= Andrea Ossoinack =

Andrea Ossoinack (1876-1965) was a businessman and politician who became notable in the process of creating the Free State of Fiume.

==Biography==
Andrea Ossoinack was the son of Luigi Ossoinack, one of the foremost businessmen in Fiume. He studied economics in England, and then spent time at his father's company branch office in London.

After initially helping Riccardo Zanella and his Autonomist Association, Ossoinack later founded the Autonomist League (Lega autonoma) with the Hungarian loyalist grouping.

In 1916 he was nominated (rather than elected) as the deputy from Fiume in the Hungarian Parliament. On 18 October 1918, at the end of the First World War, Ossoinack claimed the right of self-determination for Fiume in the Hungarian parliament. In this capacity he was also allowed to represent Fiume at the Paris Peace Conference, 1919 on 3 March 1919, being presented as the "last deputy of Fiume at the Hungarian Parliament".

Ossoinack was a local entrepreneur with business and political contacts. He financed all the political organisation of Fiume including the autonomists of Maylender and Zanella. He spoke several languages and, having studied economics in London, was fluent in English.
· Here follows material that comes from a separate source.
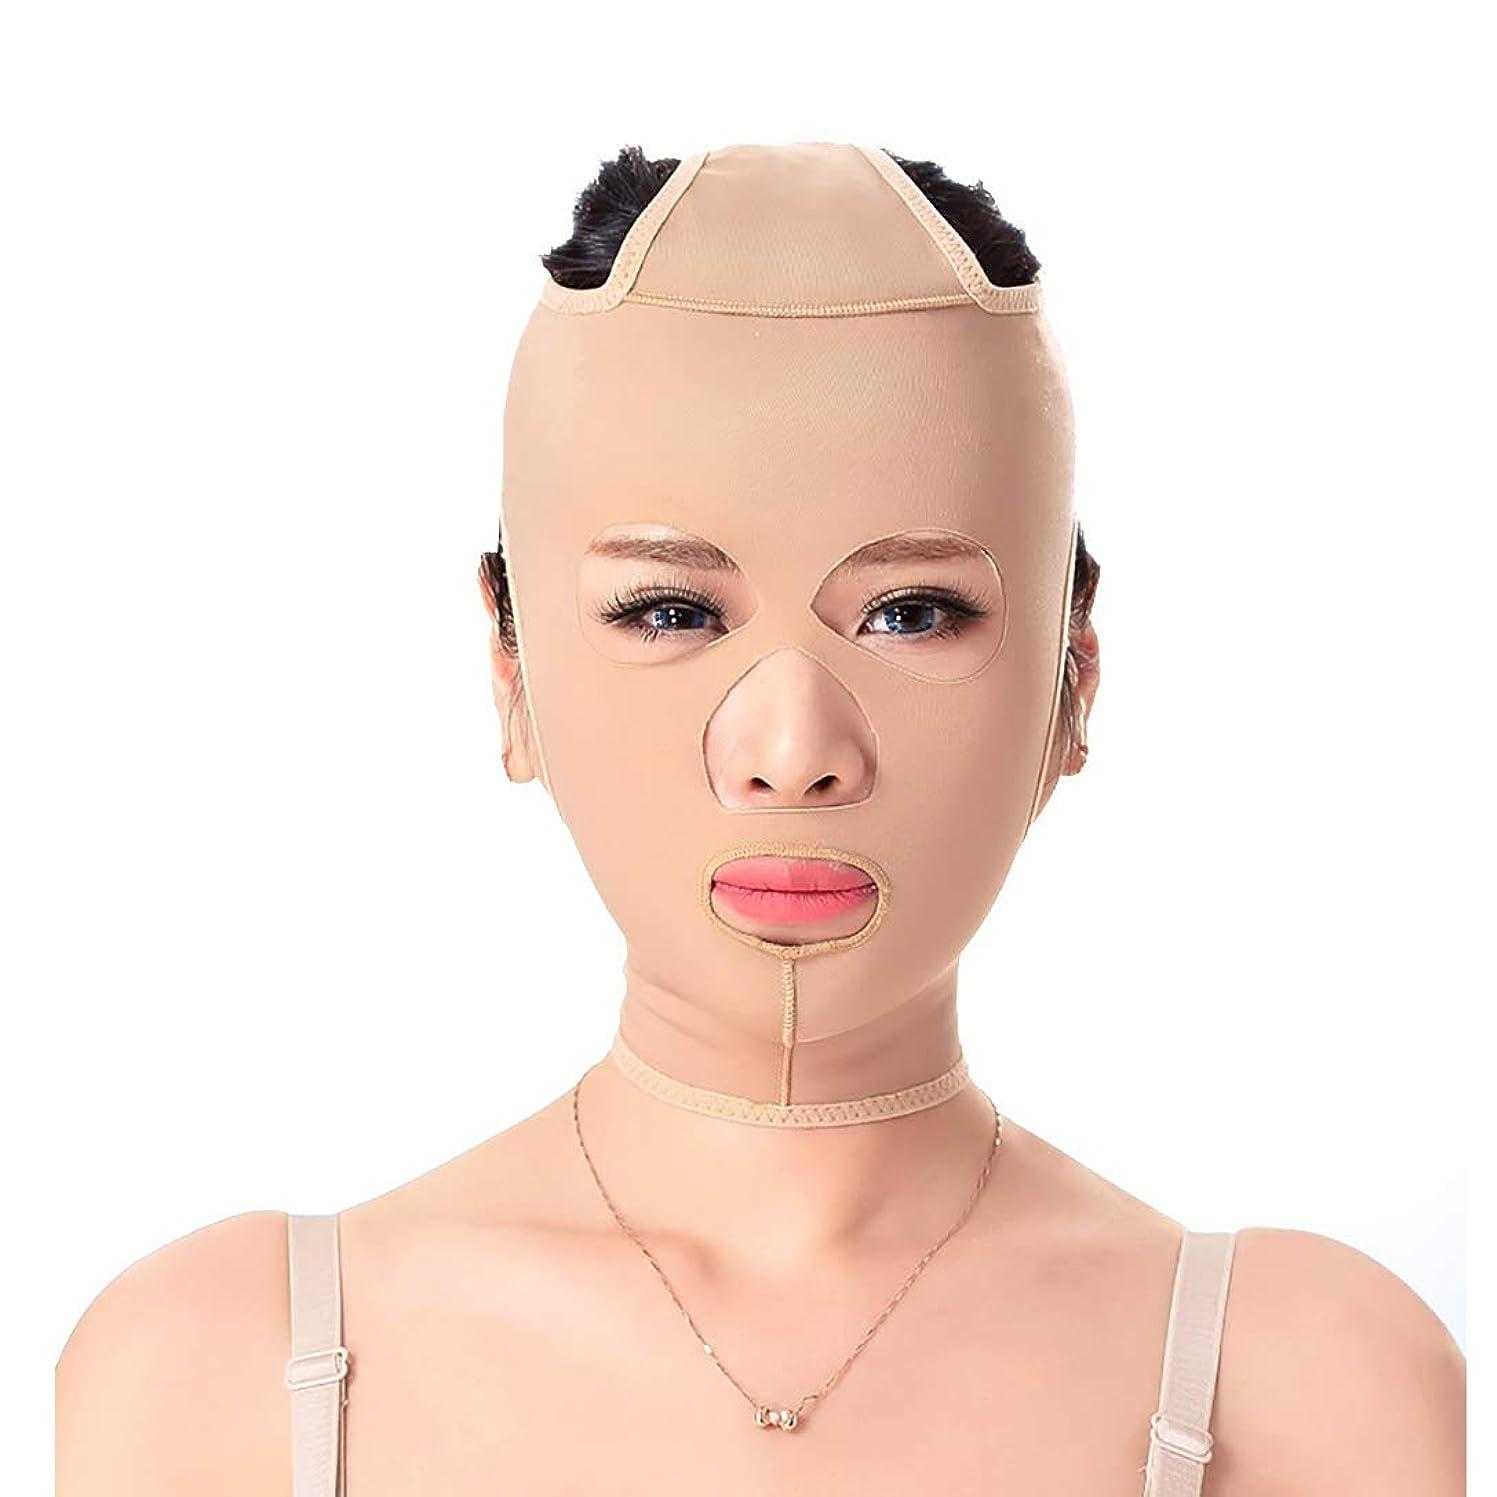 原告弱めるチーフGLJJQMY 減量ベルトマスクフェイスマスクマスクパターン強化二重あご引き締め顔面顔面強力なフェイスリフティング包帯 顔用整形マスク (Size : XXL)

Ossoinack came to the Conference with a Memorandum from the CNI expressing views similar to those presented in Budapest. The document begins with the statement that a profoundly unjust political system (the Habsburg Monarchy) founded on the principle of divide et impera had finally broken up, leading to the formation of several new states, including Fiume. It was stated that, "The State of Fiume is a living fact: none can deny it, as none can deny existence of a Hungary or of a Yugoslavia. Fiume exercises all the functions of State; this has been communicated to the governments of Europe and America; it freely develops all the functions of administration". On this basis a sovereign political body, a functioning state, had the right to be annexed to Italy, since this was the will of the majority of the population.

Ossoinack met with United States President Woodrow Wilson on 4 April 1919, a day after the meeting of the Council of Four where Wilson resolutely opposed Italian claims to Fiume. Wilson added also new requirements: self-determination in the eastern Adriatic area to produce economically viable outcomes. Ossoinack produced an economic-based argument for the annexation of Fiume to Italy, attempting to show that annexation was the best economic solution for Fiume. Openly he proclaimed that the free port was economically non-viable: he said it could have been made competitive only with lower operating costs. This was not the case; the port of Fiume prospered only because it was generously subsidised by the Hungarian government and this would end if it gained independence. Fiume needed a state prepared to invest in the city economy concerning the port. In his reply to Ossoinack, Wilson proposed that Fiume had to be proclaimed a Free State, as a new solution.

When the British delegate Balfour refused the project of annexing Fiume, the Italian delegation of Orlando and Sonnino left the conference in protest on 24 April 1919.